> _Records shown_
----

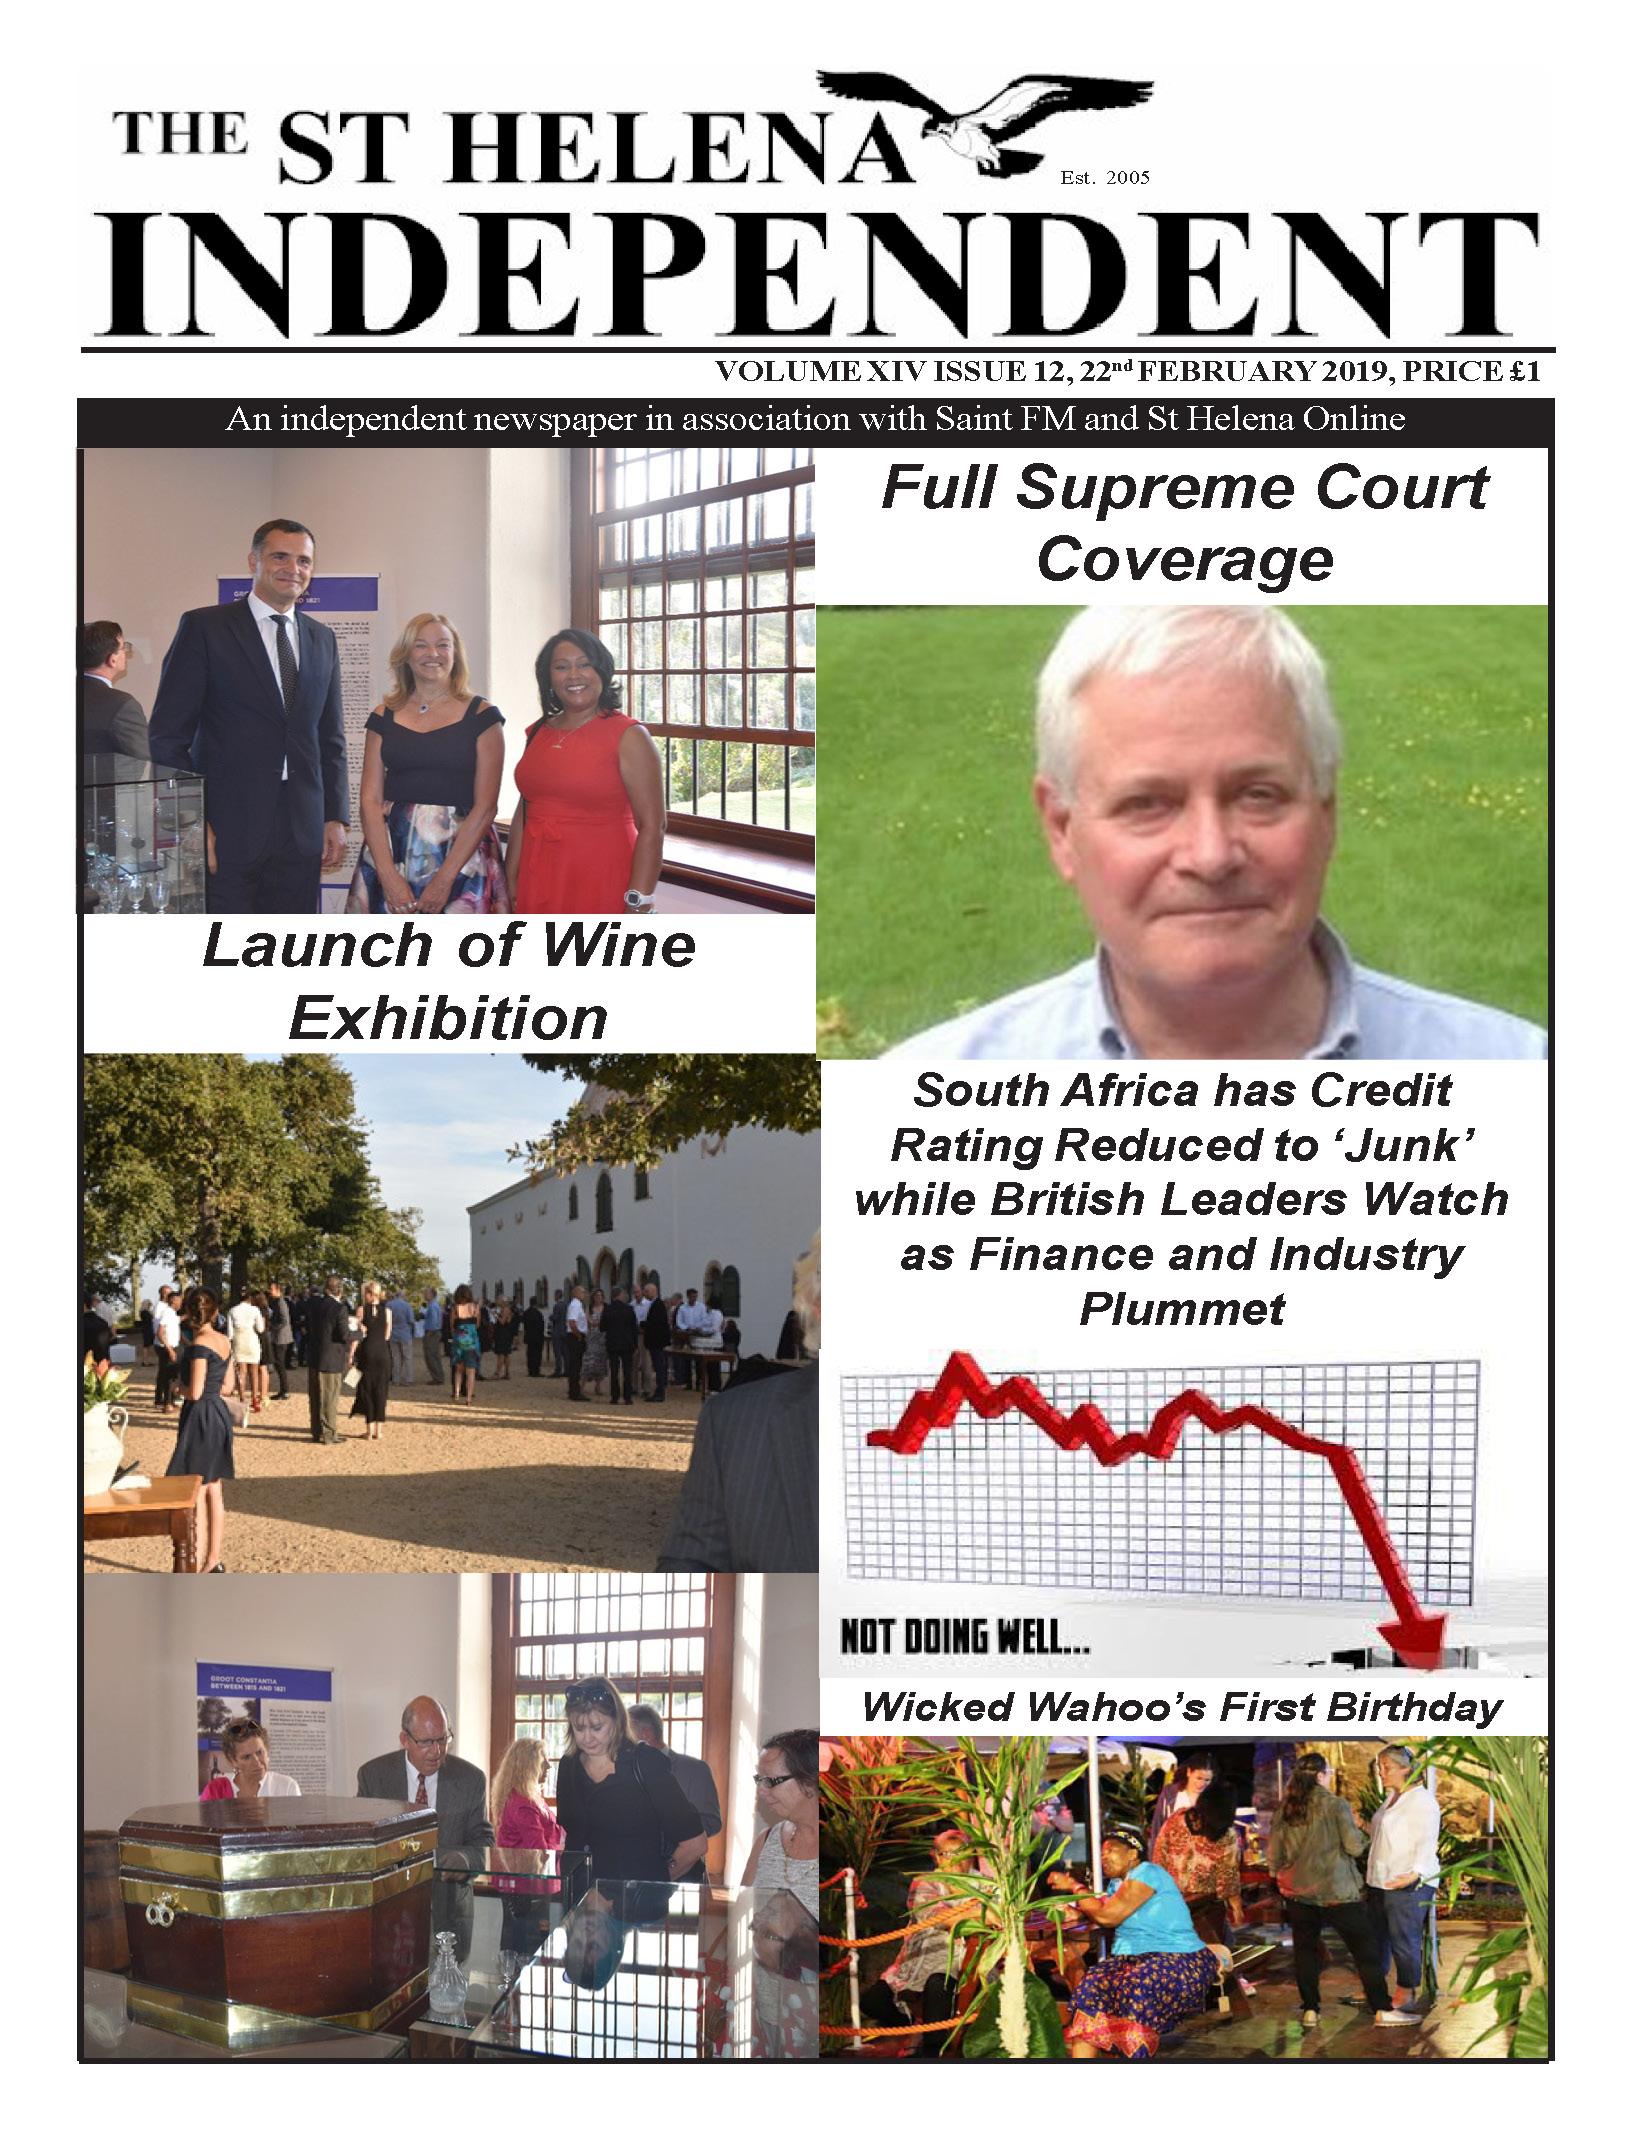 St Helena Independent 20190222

----

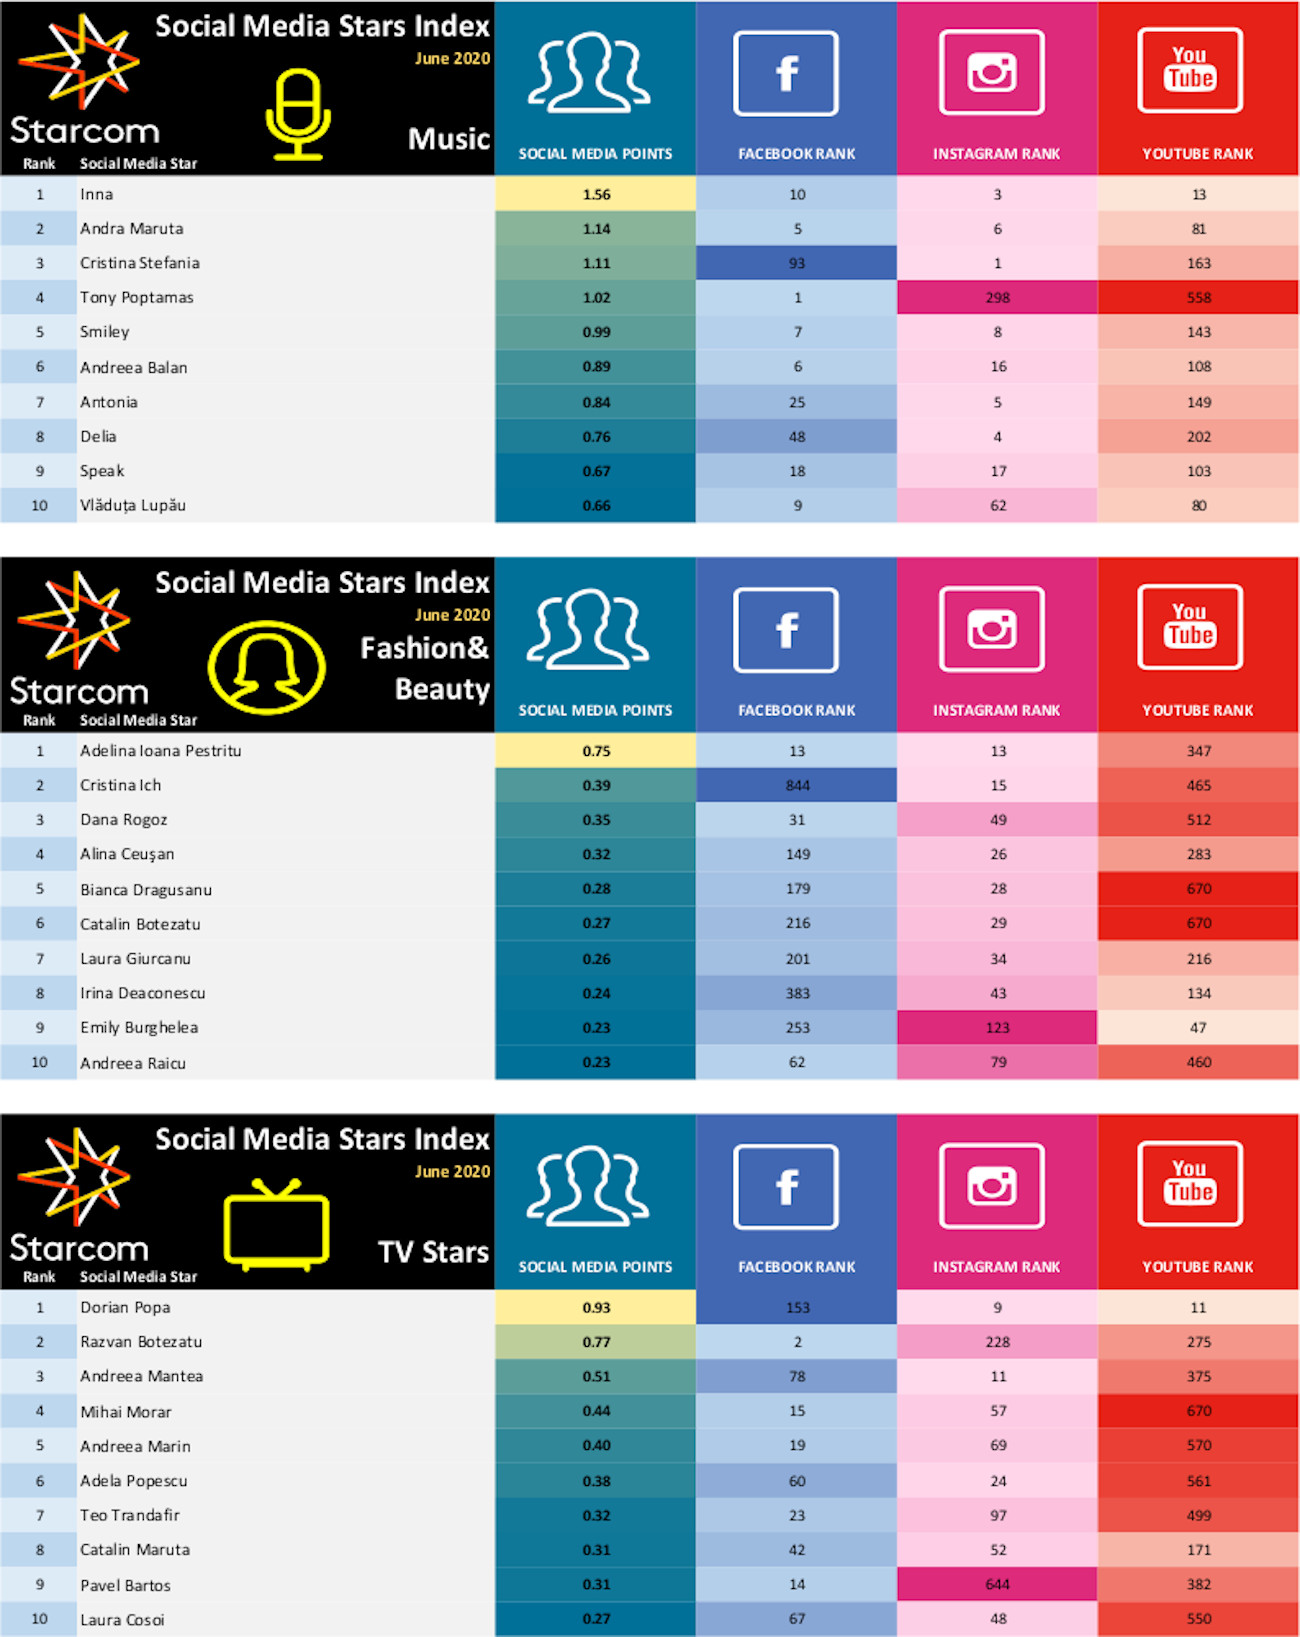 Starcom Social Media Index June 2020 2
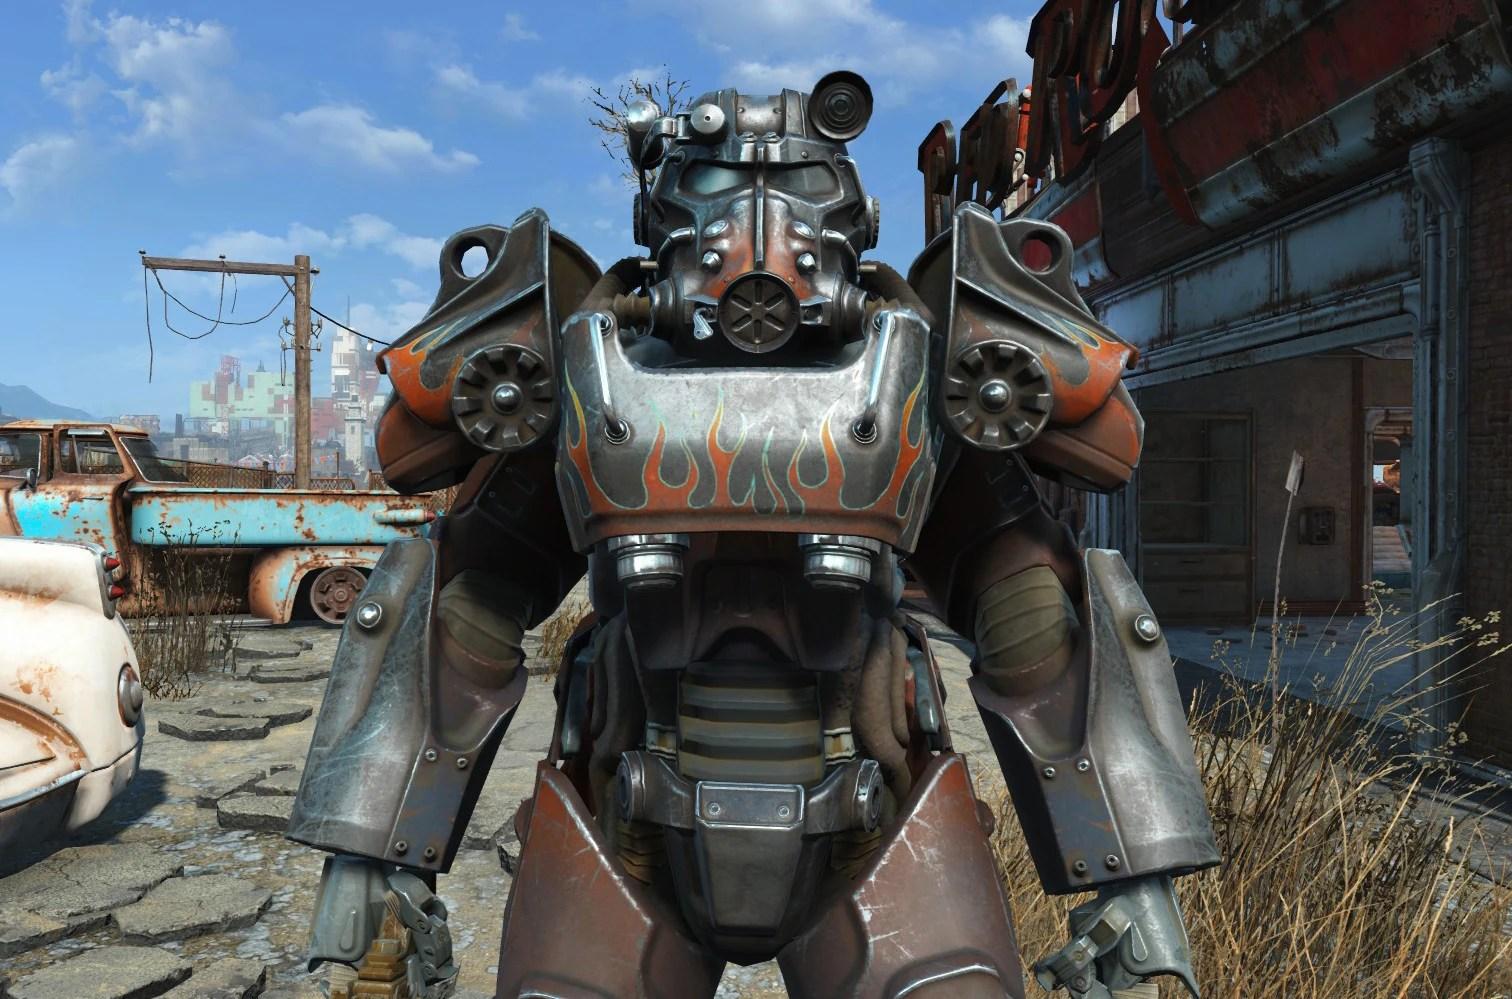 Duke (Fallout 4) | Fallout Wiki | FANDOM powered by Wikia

----

> _What to work on_
In the records above, find the line with "Starcom Social Media Index June 2020 2" and the line with "Duke (Fallout 4)", then restate word for word only those two lines and all lines between, omitting pictures.

> _Response area_
 Starcom Social Media Index June 2020 2
 Duke (Fallout 4) | Fallout Wiki | FANDOM powered by Wikia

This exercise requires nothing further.